Daniels' views on family, he says, are based in large part on personal experience. He insists he wants to protect what he did not have himself: a dad who stuck around to raise him in a traditional family. [...]
Daniels insists he is not anti-gay. His alliance, he says, is "not organized around homosexuality. Its mission is to see that more kids are raised in a home with a married mother and father. And the legal status of marriage as between a man and a woman" is a linchpin.
"Americans believe that gays and lesbians have a right to live as they choose, but they don't have a right to redefine marriage for our entire society," Daniels says. [...]
Others disdain the proposal because they believe it does not go far enough: It would allow states to permit civil unions or other partnerships for same-sex couples.

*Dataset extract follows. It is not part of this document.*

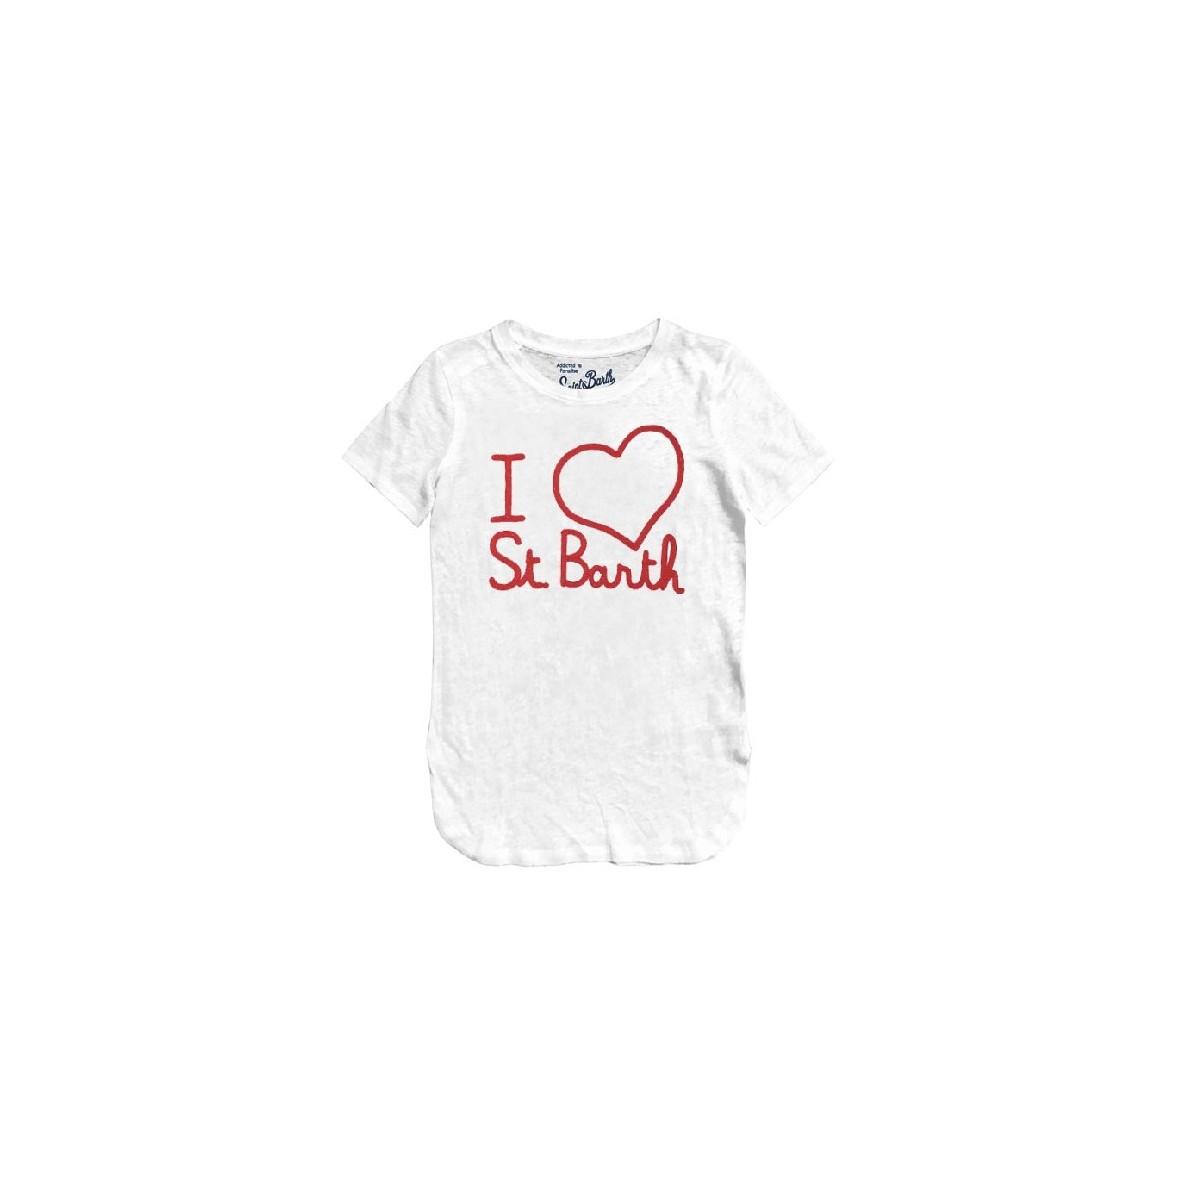 T-shirt - Scarlett t-shirt ws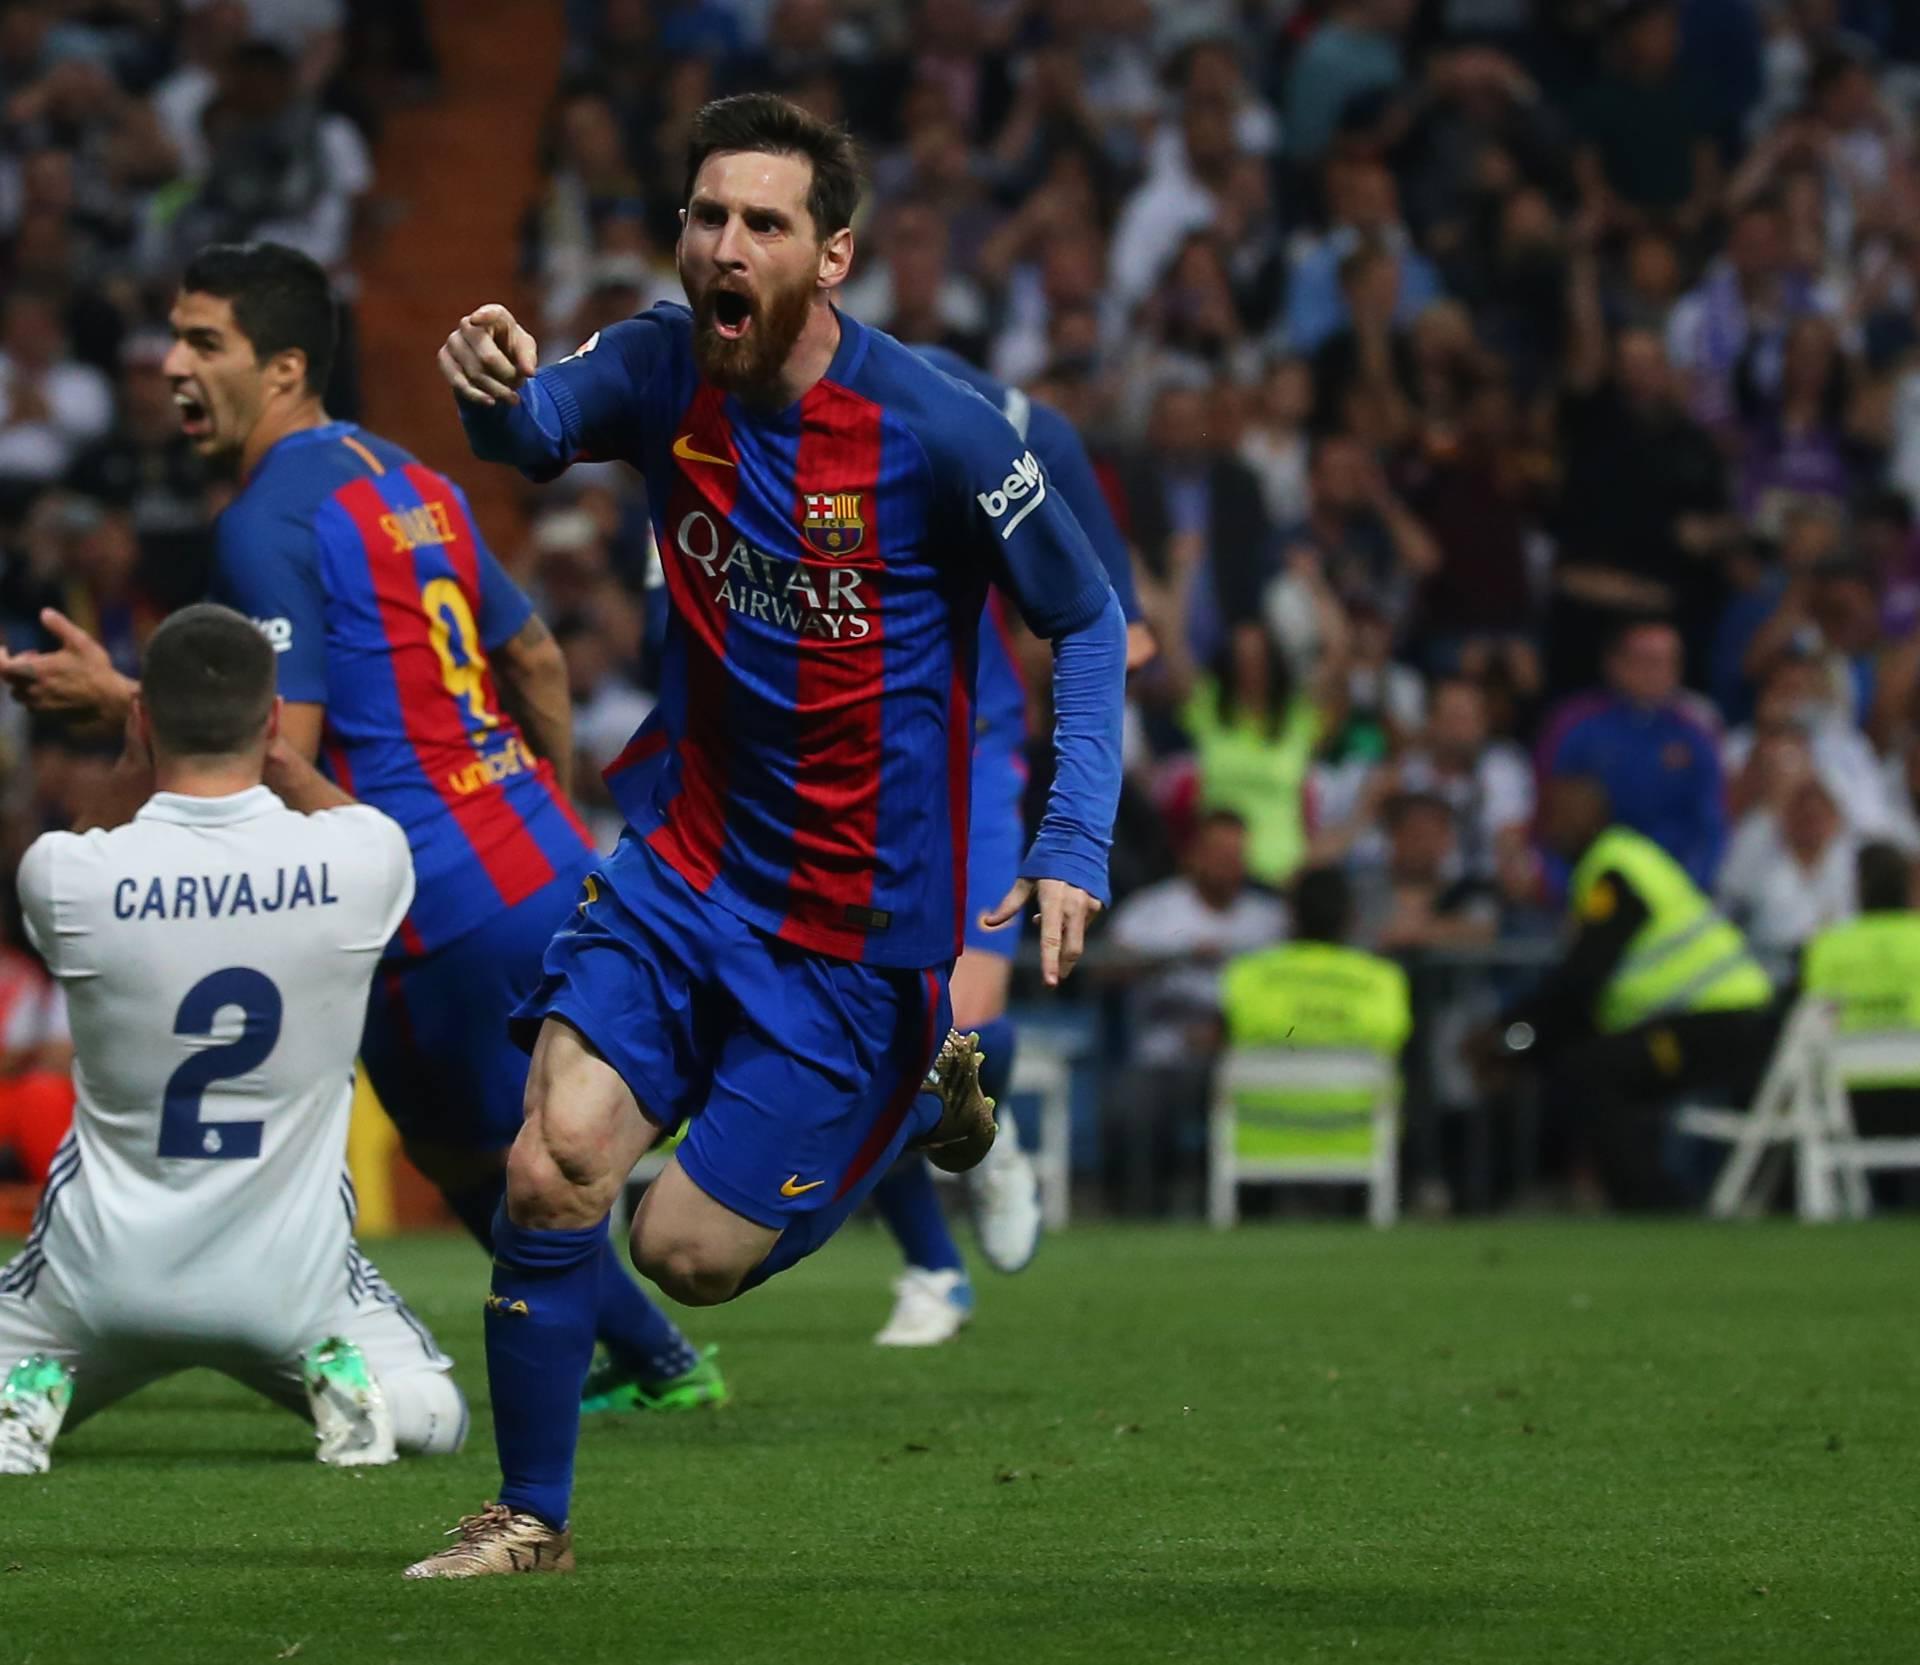 Barcelona's Lionel Messi celebrates scoring their third goal

"We are very concerned about protecting marriage between a man and a woman," says Jan LaRue of the Concerned Women for America, a public policy organization. States could be "free to create marriage in another name, a phony marriage. If we are going to the time and trouble of amending the Constitution, we prefer stronger language."
Daniels will not support stronger language.
"I am a political realist. I operate within the feasible. This is the only way to get an issue like this passed."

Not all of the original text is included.